━━━ Collected material ━━━

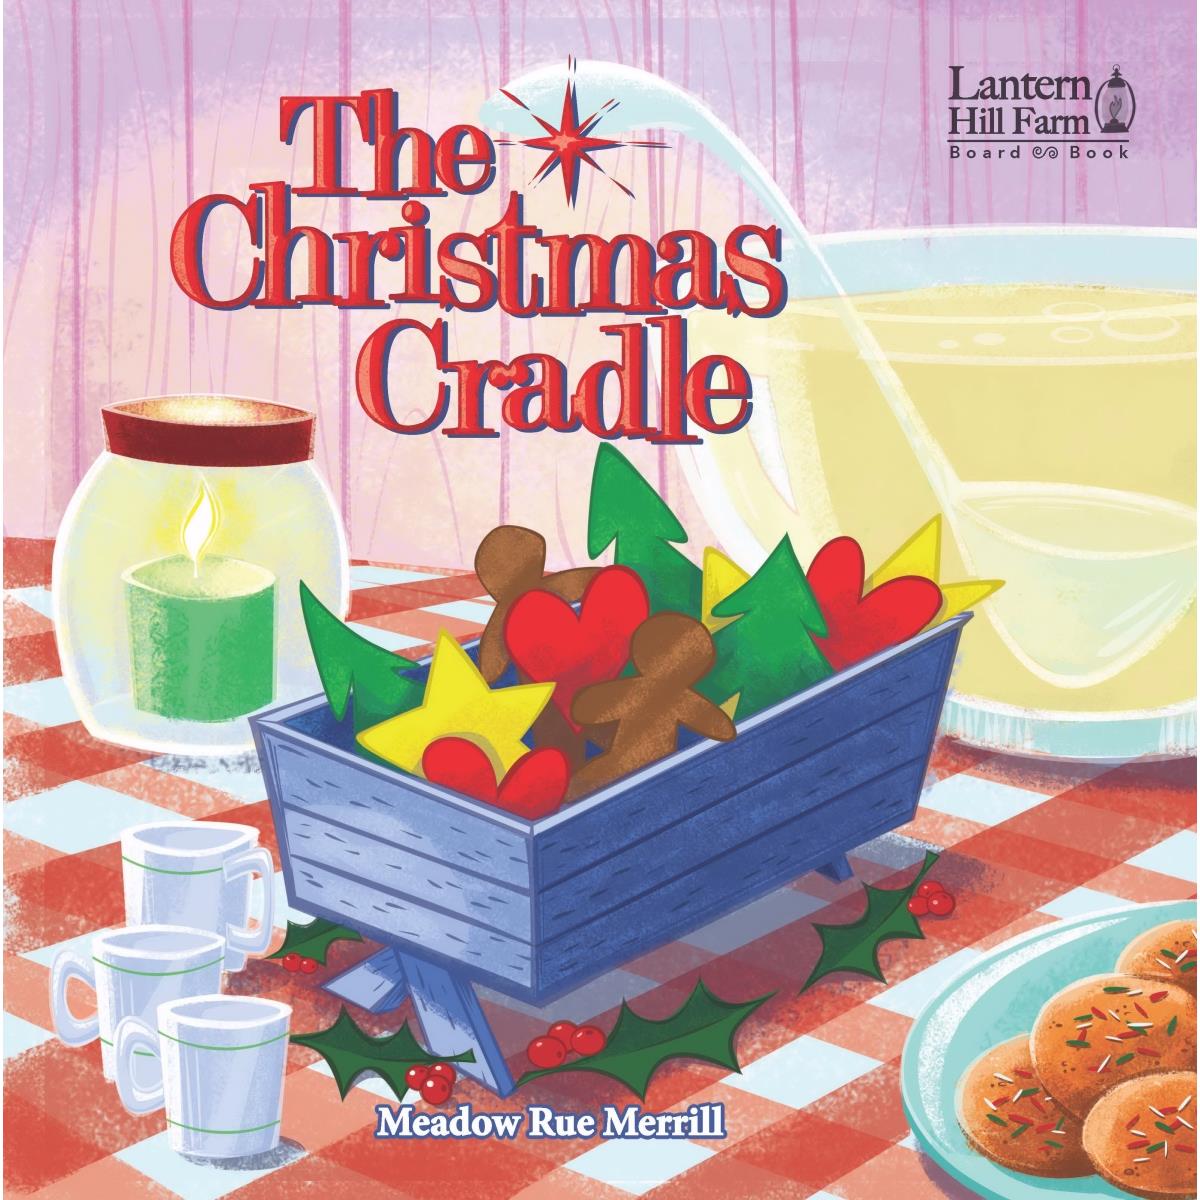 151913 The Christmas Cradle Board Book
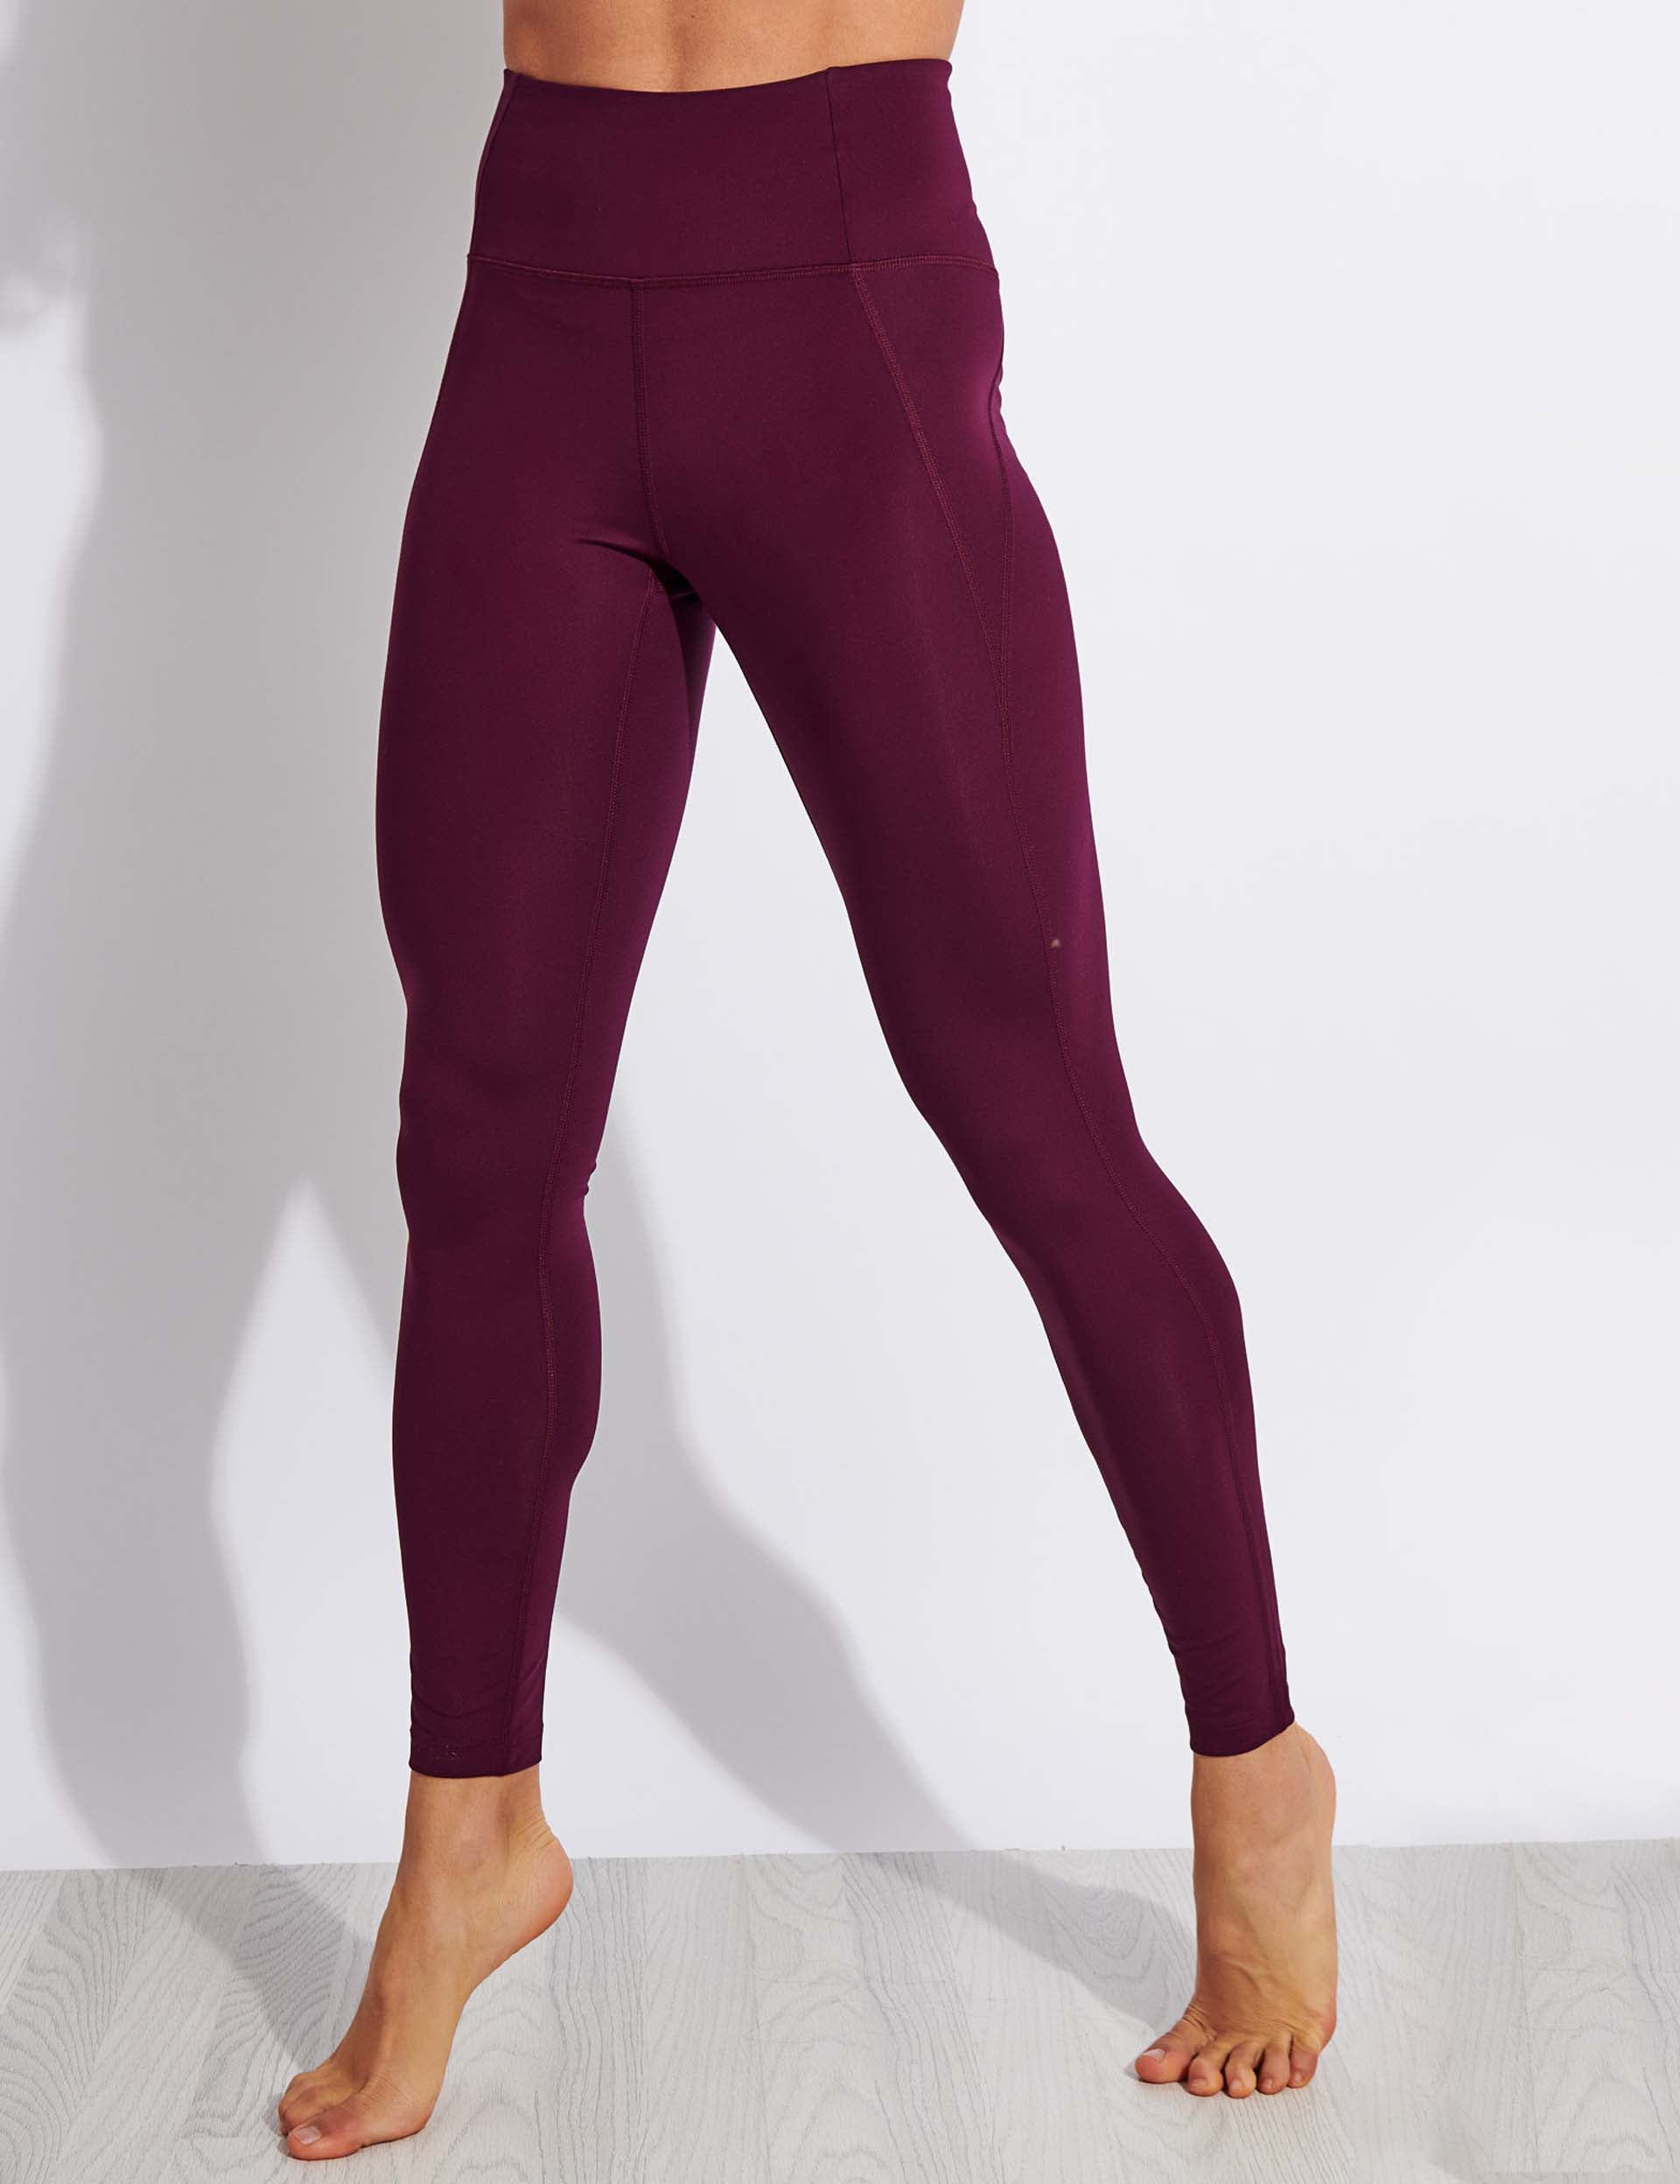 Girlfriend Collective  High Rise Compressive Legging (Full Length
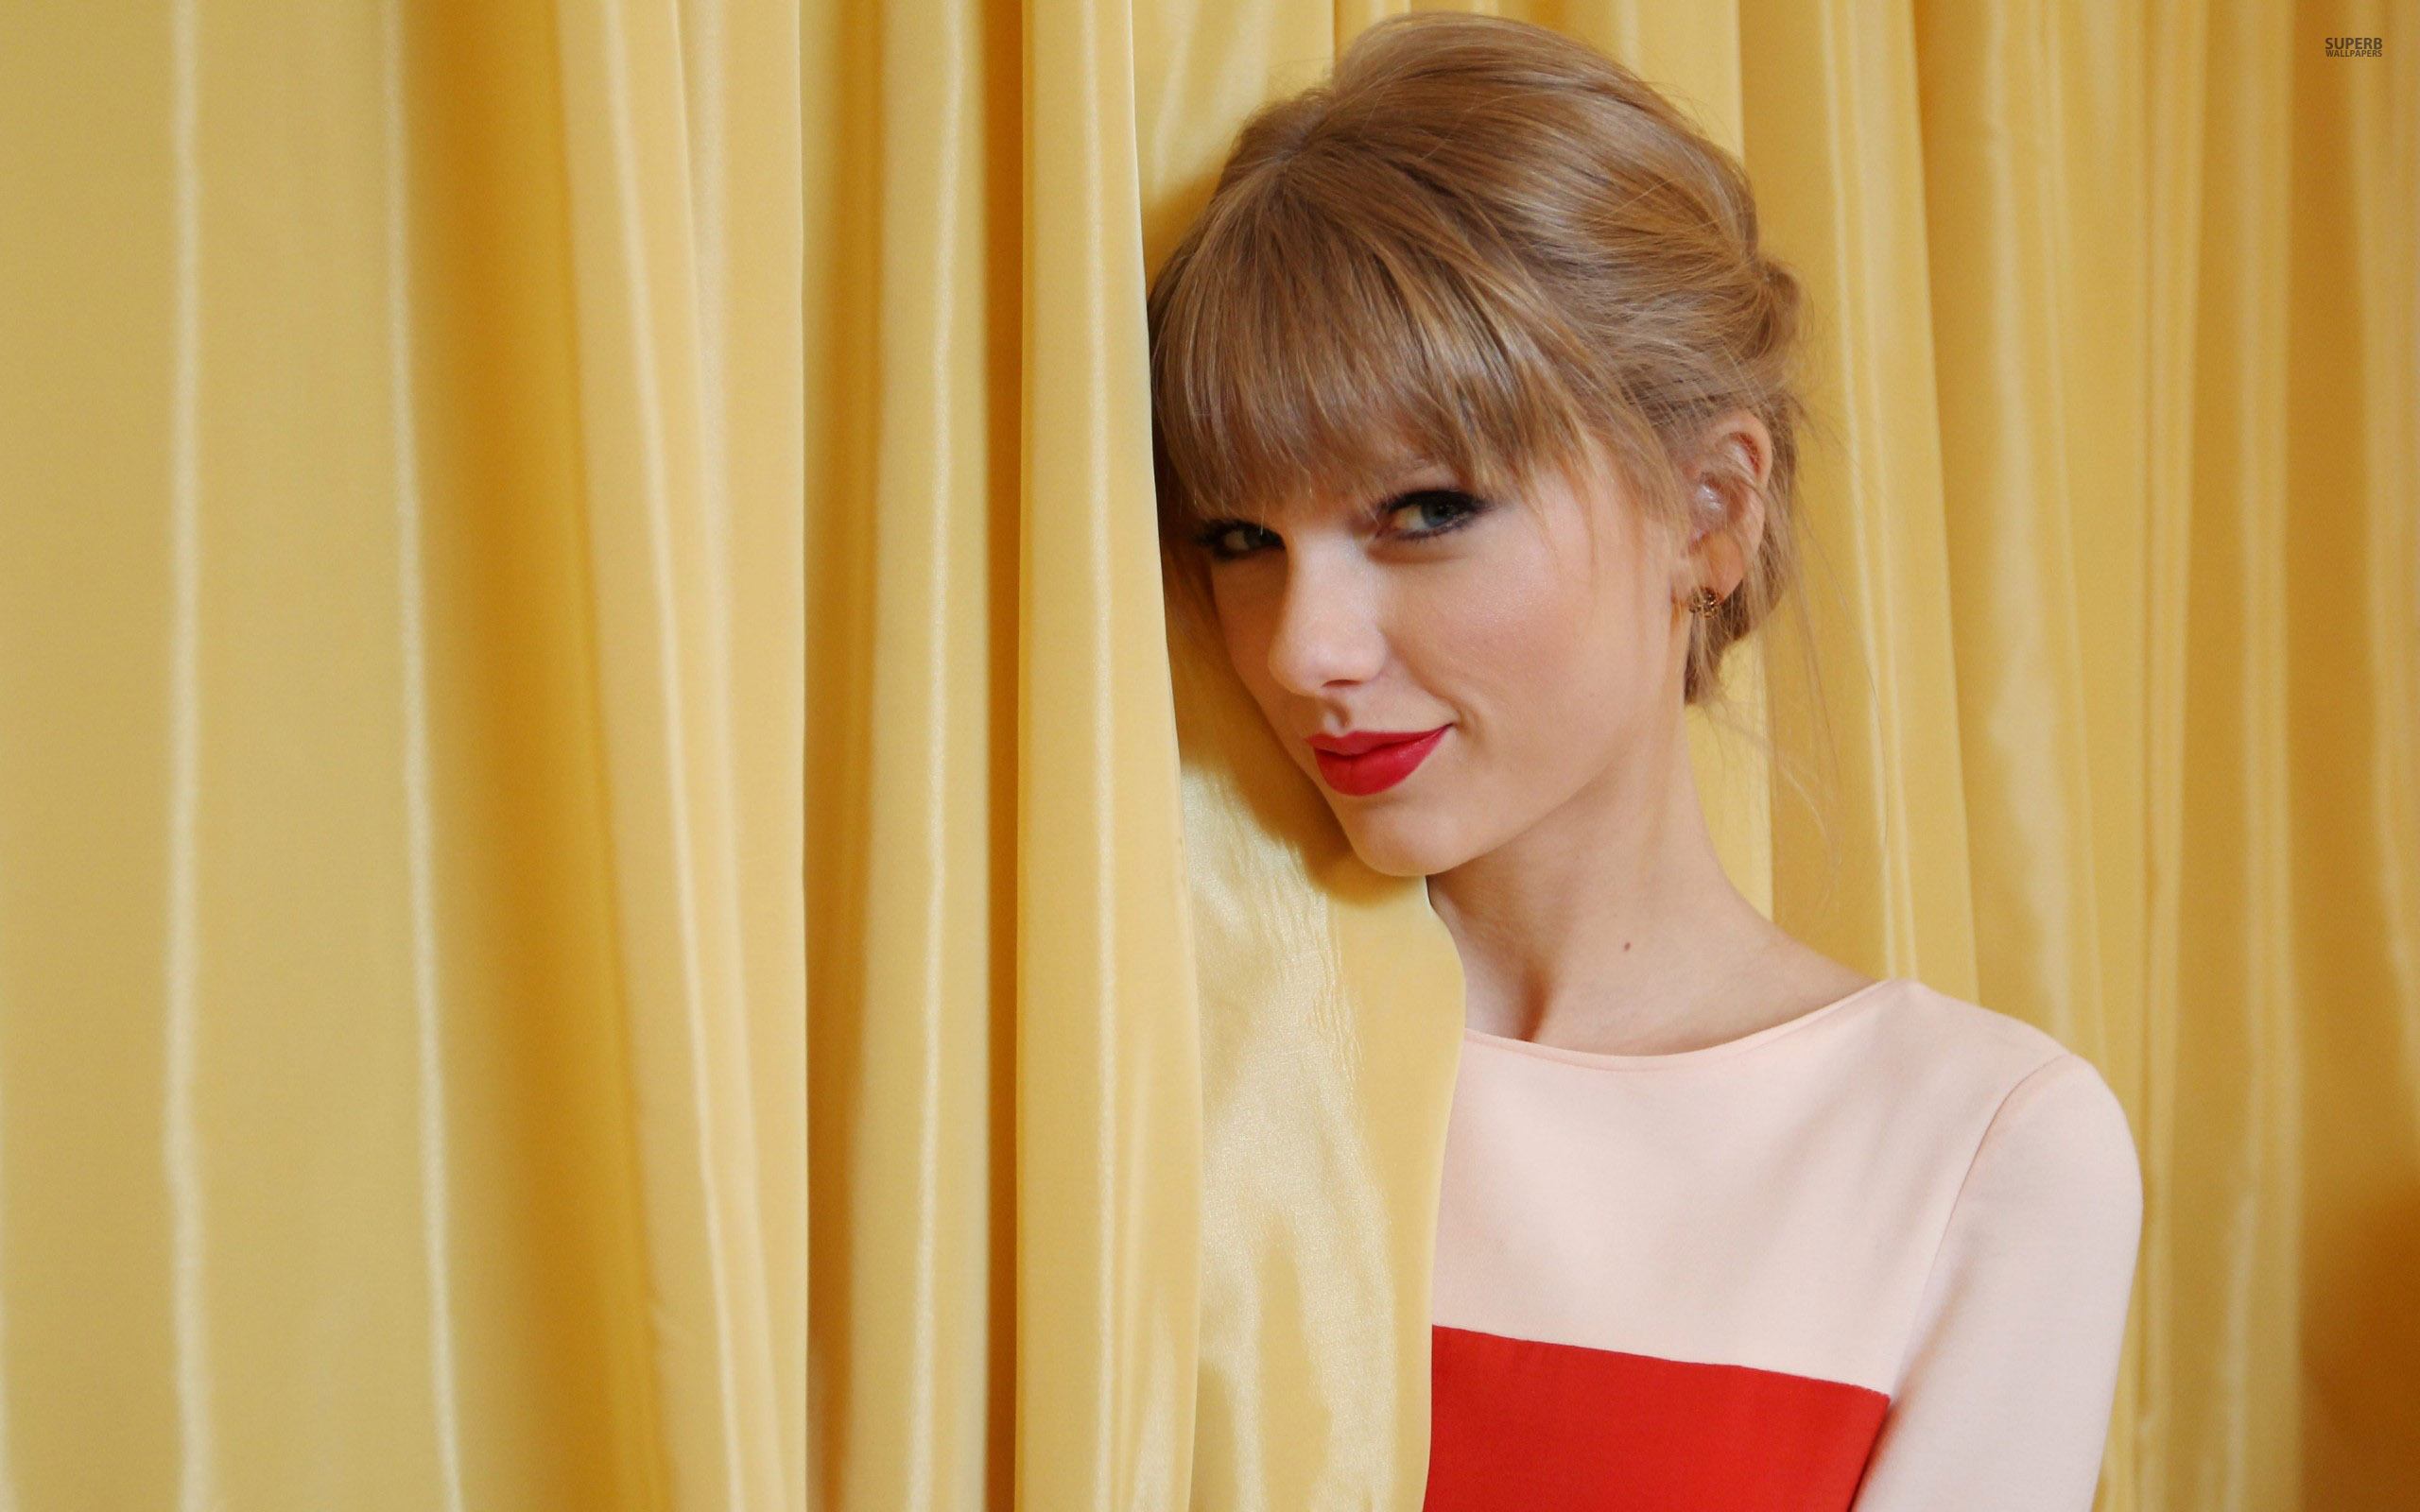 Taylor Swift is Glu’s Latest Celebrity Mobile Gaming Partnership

━━━

--- Try it ---
Copy the material above exactly and drop the pictures.

--- Problem solution ---
 151913 The Christmas Cradle Board Book
 Girlfriend Collective  High Rise Compressive Legging (Full Length
 Taylor Swift is Glu’s Latest Celebrity Mobile Gaming Partnership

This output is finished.